4/ Ease of transportation. Is the fuel easy to move and freight? Even if you managed to manufacture enough hydrogen, how do you move it? Hydrogen leaks. It needs to be condensed and frozen. It needs a different piping infrastructure. Shipping hydrogen requires a completely different and much more expensive tanker, and the road freight of hydrogen is also problematic.

There are many other questions of cost, time to implement, and infrastructure needs. What will we use to replace plastics? What about power backup for when the wind doesn’t blow and the sun doesn’t shine? If we want industrial civilization to survive these technical issues must be solved quickly as we prioritise the remaining fossil fuels into renewable energy.

We do have some amazing new technologies. We also have eco-city designs that save energy, are better for the environment and health of citizens, and would allow a very comfortable lifestyle in a city designed around communities and moving people, not cars. Yet it is all too little too late. After carefully investigating this matter for nearly a year now, I have become increasingly alarmed at how difficult it will be for our society to wean itself off our oil addiction. The Hirsch report to the US Department of Energy concluded it would take 20 years to wean off oil. Yet our governments are still sleepwalking into this crisis.

Peak oil leaves me questioning the ethical basis of our whole first world way of life. Sustainability is now a matter of conscience affecting a Christian approach to social justice and poverty. This planet has limited energy resources that the first world has largely consumed at the expense of developing nations. Furthermore, we are taxing the next generation and leaving behind problems with pollution, topsoil degradation, depleted fisheries, rare mineral depletion, water table depletion, clear felling of old growth forest, erosion, and global warming. My own personal Christian response to peak oil is best described by the following quote. “If I cannot extrapolate my standard of living to the whole world and still find nature flourishing, my standard of living is immoral." (John Carmody, Ecology and Religion, p. 134.)


The spectre of Peak Oil is certainly scary - it promises us an uncertain future. But how should we as Christians react to both the current threat of Peak Oil and to its potential consequences?

1. Remember that God has sent Christ.

"In these last days (God) has spoken to us by his Son" - Hebrews 1:2

Throughout Christian history, it has been the death and resurrection of Christ that has sustained the church and individual Christians through times of trouble. The work of Christ on the cross - to die as our sin-substitute - was at the heart of the Apostles' message.

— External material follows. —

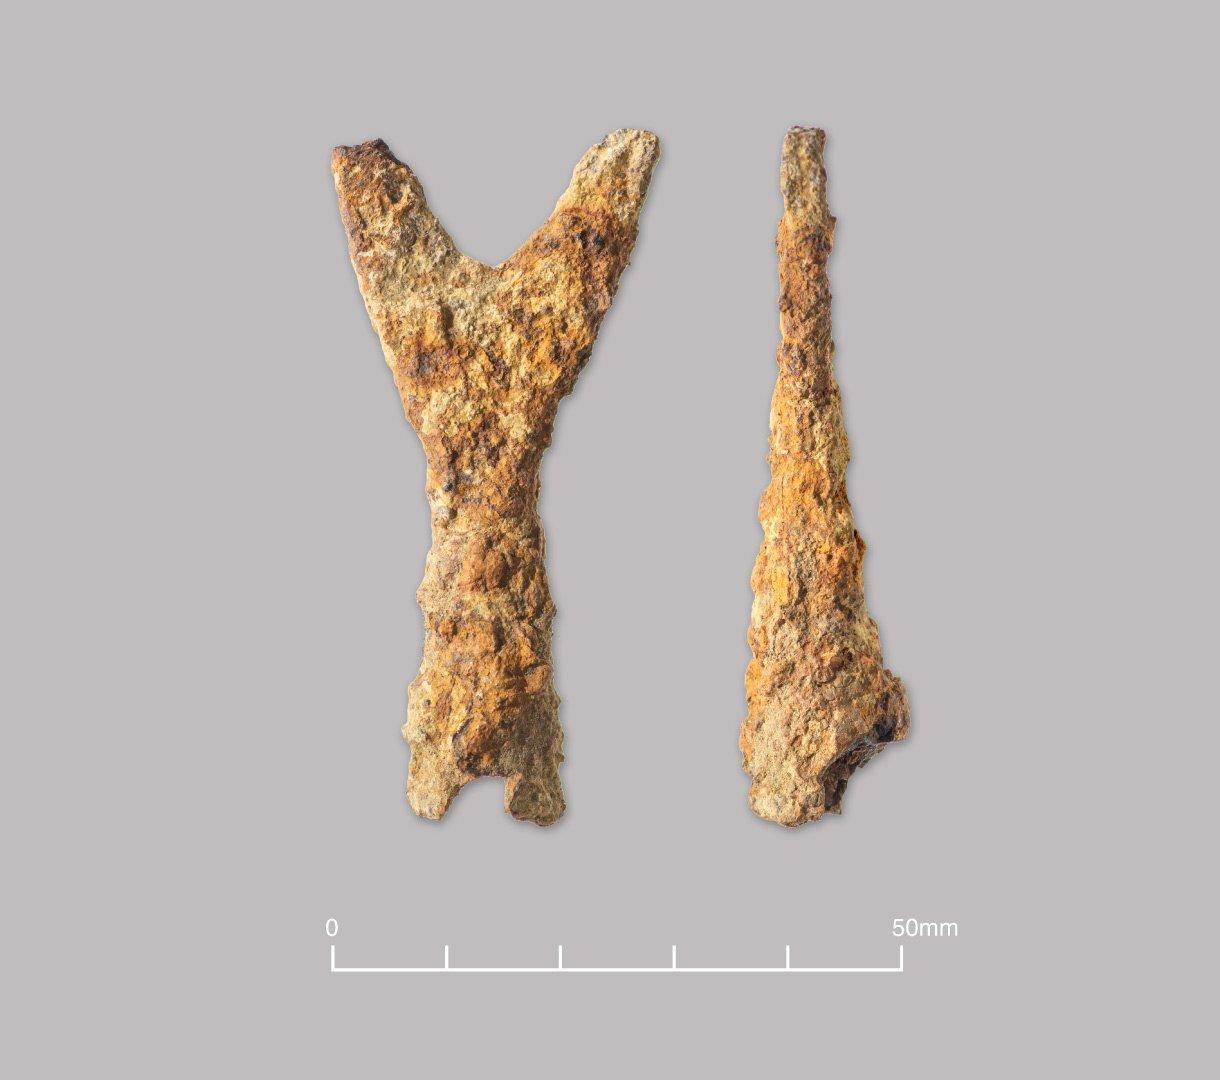 Iron crescent-headed arrowhead. Later Medieval (c. 1300-1500).

Paul, Peter and the other New Testament writers spoke in great detail of Christ's work despite all the hardships of living in the Roman Empire of the first century. Although threats like Peak Oil may give us concern, we must always return our prime focus to the cross. Regardless of how our lives may be changed by the ravages of economic recession - and even potential war - it is the sure hope of eternal life, given to us by God the Father through the death and resurrection of his Son, that gives us the strength to endure.

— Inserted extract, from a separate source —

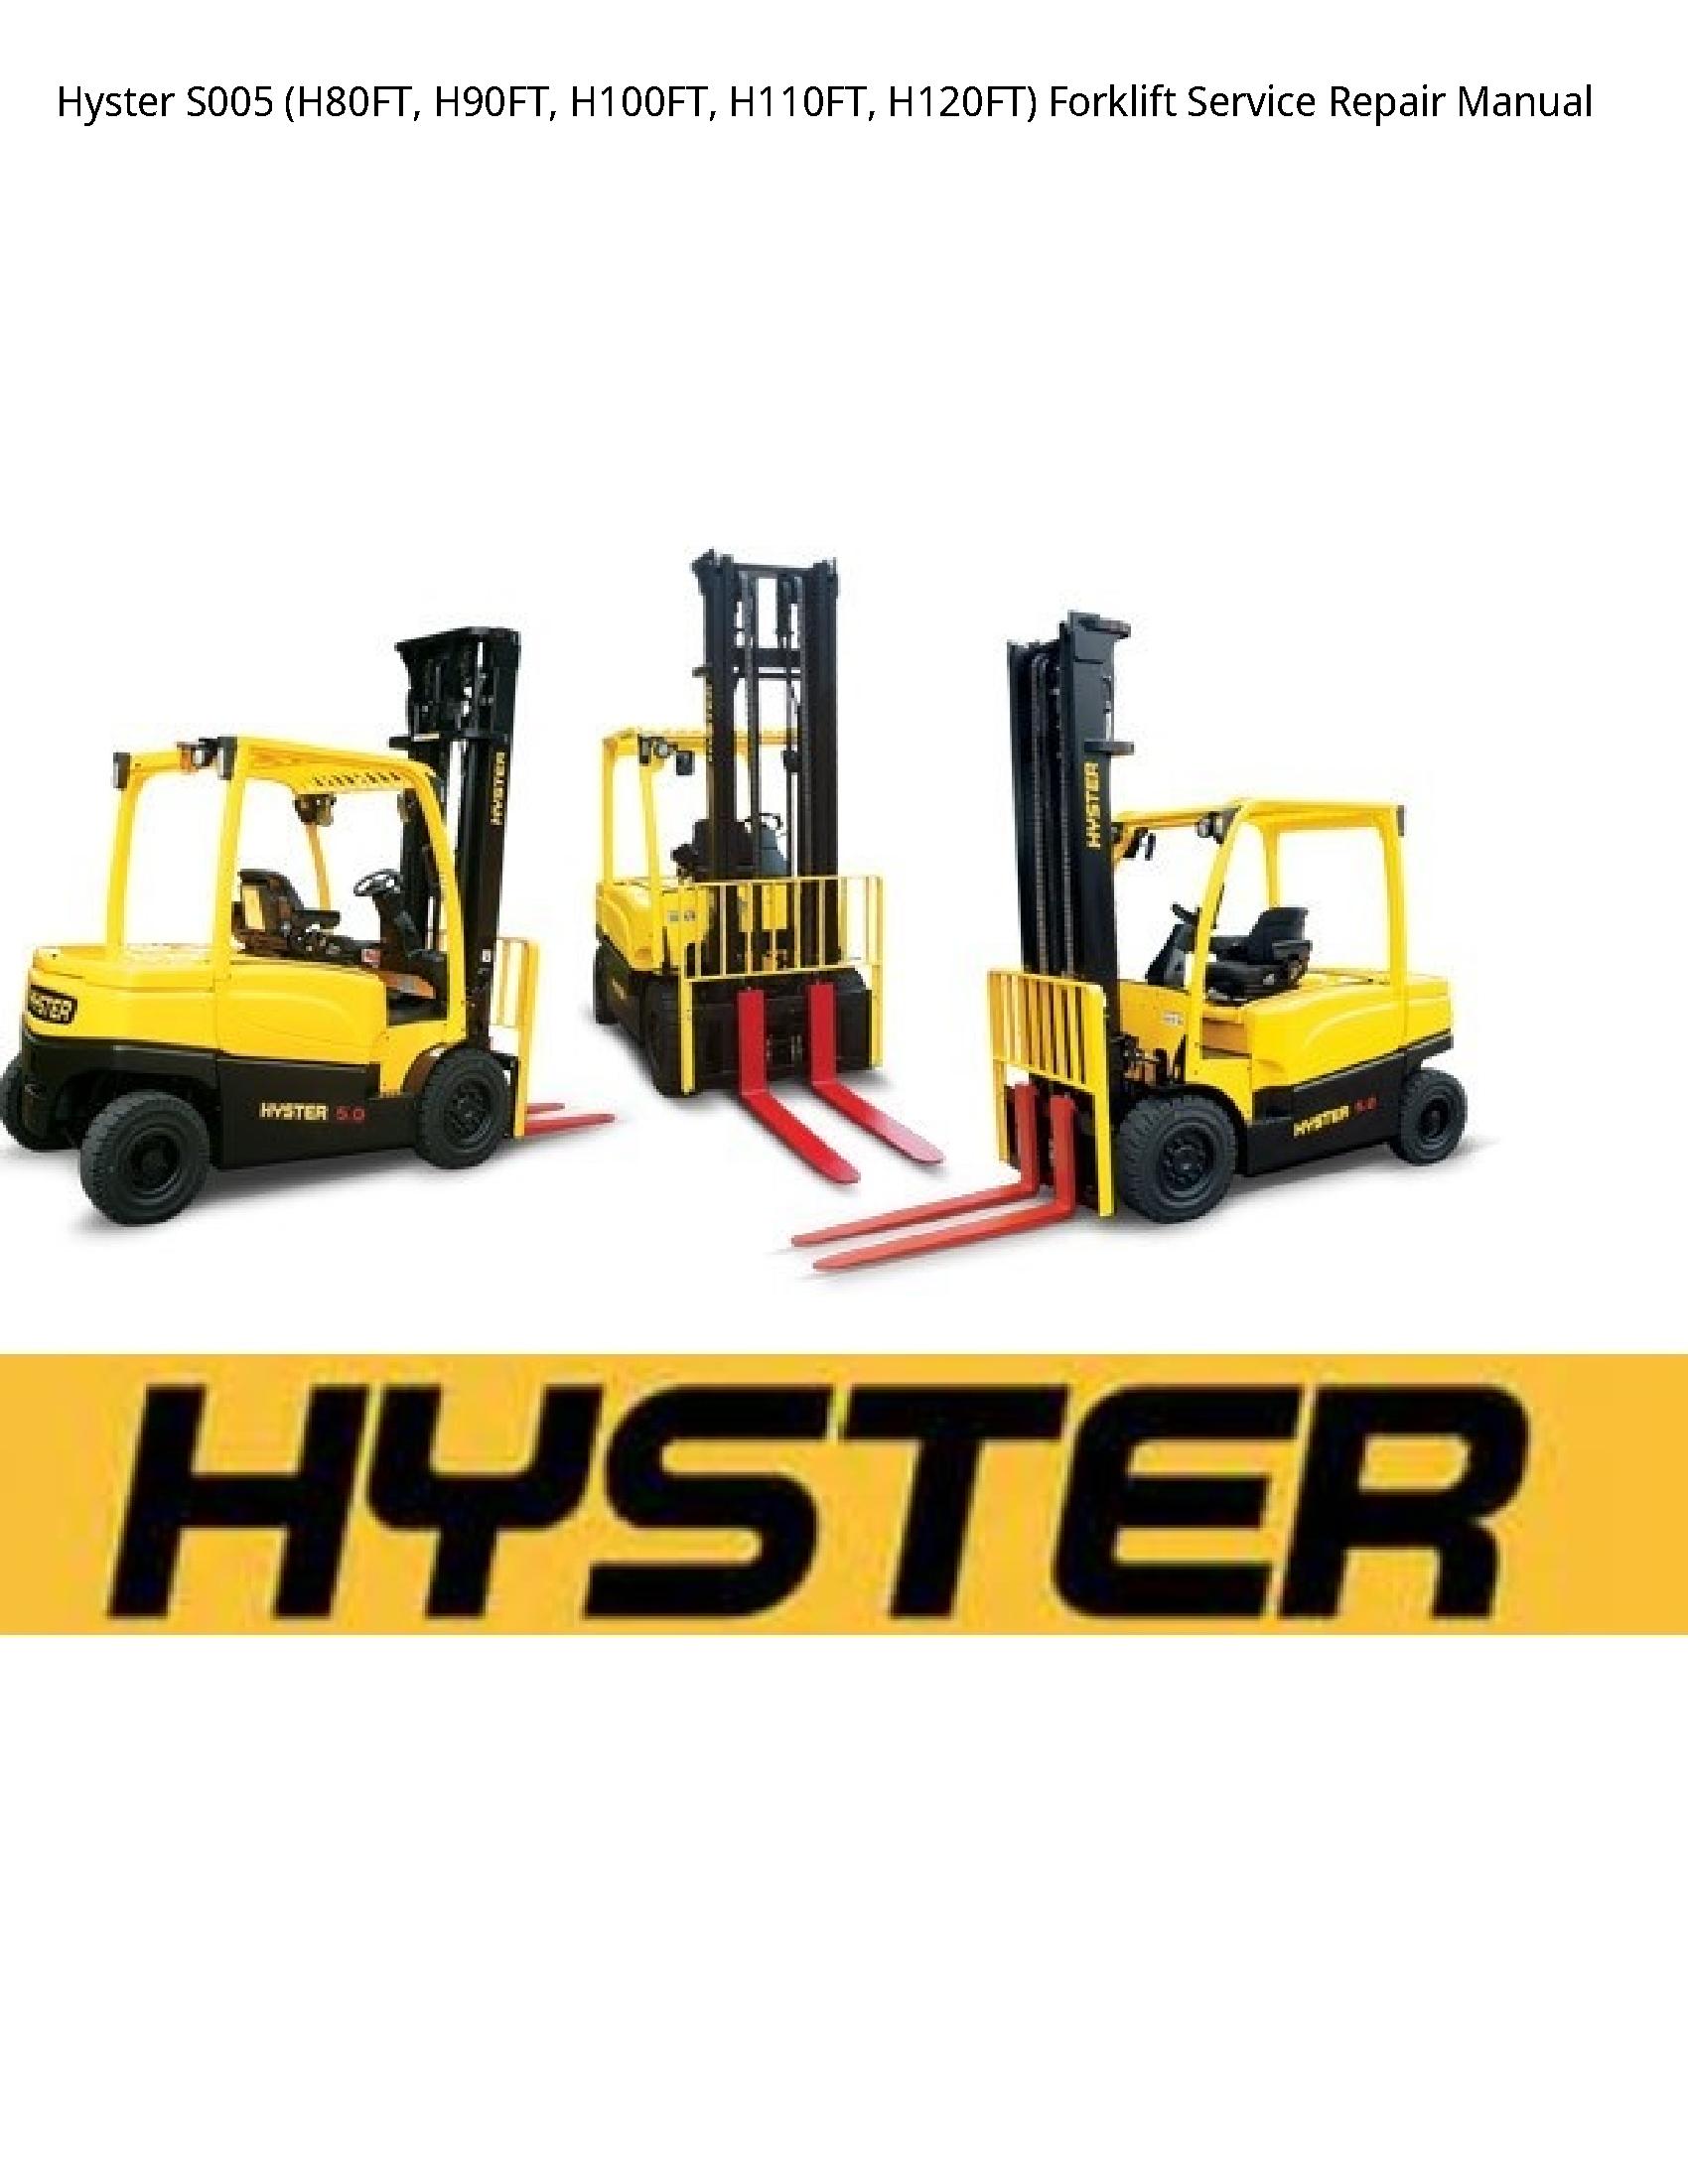 Hyster S005 Forklift Manual Repair Manuals Forklift Preventive Maintenance

2. Be wise in our understanding.

"He who gives thought to a matter will discover good, and blessed is he who trusts in the LORD" - Proverbs 16:20

Of all people, Christians should take the lead in being informed about the truth of Peak Oil. Peak Oil has already become a magnet for post-apocalyptic survivalists who are convinced that western society is on the brink of collapse, and have stocked up tinned food and ammunition for that coming day. While there is a slight chance that this may occur, the majority of Peak Oil experts speak of a more gradual decline over a longer period of time. As Christians, we must never make judgements based upon inadequate facts. The last thing the world needs from the church are another bunch of loonies predicting the end of the world. Be informed. Check the facts. The Peak Oil movement is full of its own disagreements, and the authors of this article themselves disagree over certain points, so it will be of great help to you and your friends if you have all the basic facts at hand.

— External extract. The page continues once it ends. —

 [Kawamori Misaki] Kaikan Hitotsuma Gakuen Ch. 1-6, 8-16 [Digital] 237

3. Be grateful for everything God has given to us.

"The Earth is the LORD's and the fullness thereof, the world and those who dwell therein" - Psalm 24:1

The last 100 years of human history has seen more wealth generated than at any other time. International trade and capital investment has boomed. At the same time, standards of living have increased dramatically, with historically low infant mortality rates, decreased costs of food and clothing, higher rates of education and greater opportunities for personal advancement. That is our situation - those of us who live in modern industrialized nations at least.

It is tempting, then, to believe that it is our own hard work and talent that has achieved this. But none of the last 100 years would have occurred without the availability of a cheap source of energy. Oil, while a statistically minor component of the modern economy, is an essential resource that ensures that energy is available to run the transport of goods that underpin global trading. With the imminent and permanent increase in oil costs (due to the natural decrease in supply outlined above), our global economy will be forever changed.

Oil, along with other resources, is part of God's creation. The advantages we have had over the last 100 years are due to God's provision of oil in all the right places, as well as endowing human beings with the ability of inventing ways to use it. The relative wealth and peaceful world that industrialized nations enjoy are not the result of our own strength - it is entirely due to the blessings of God. That God has provided only a limited amount of oil is not an oversight on his part. The facts, however, point to a failure on our part to use his gifts wisely. The effects of Peak Oil will hopefully expose to the world our sin and shortcomings, and provide an opportunity for many to search out the real meaning of life - an opportunity that we can use to proclaim the cross, and for people to respond in heartfelt repentance and joyful faith.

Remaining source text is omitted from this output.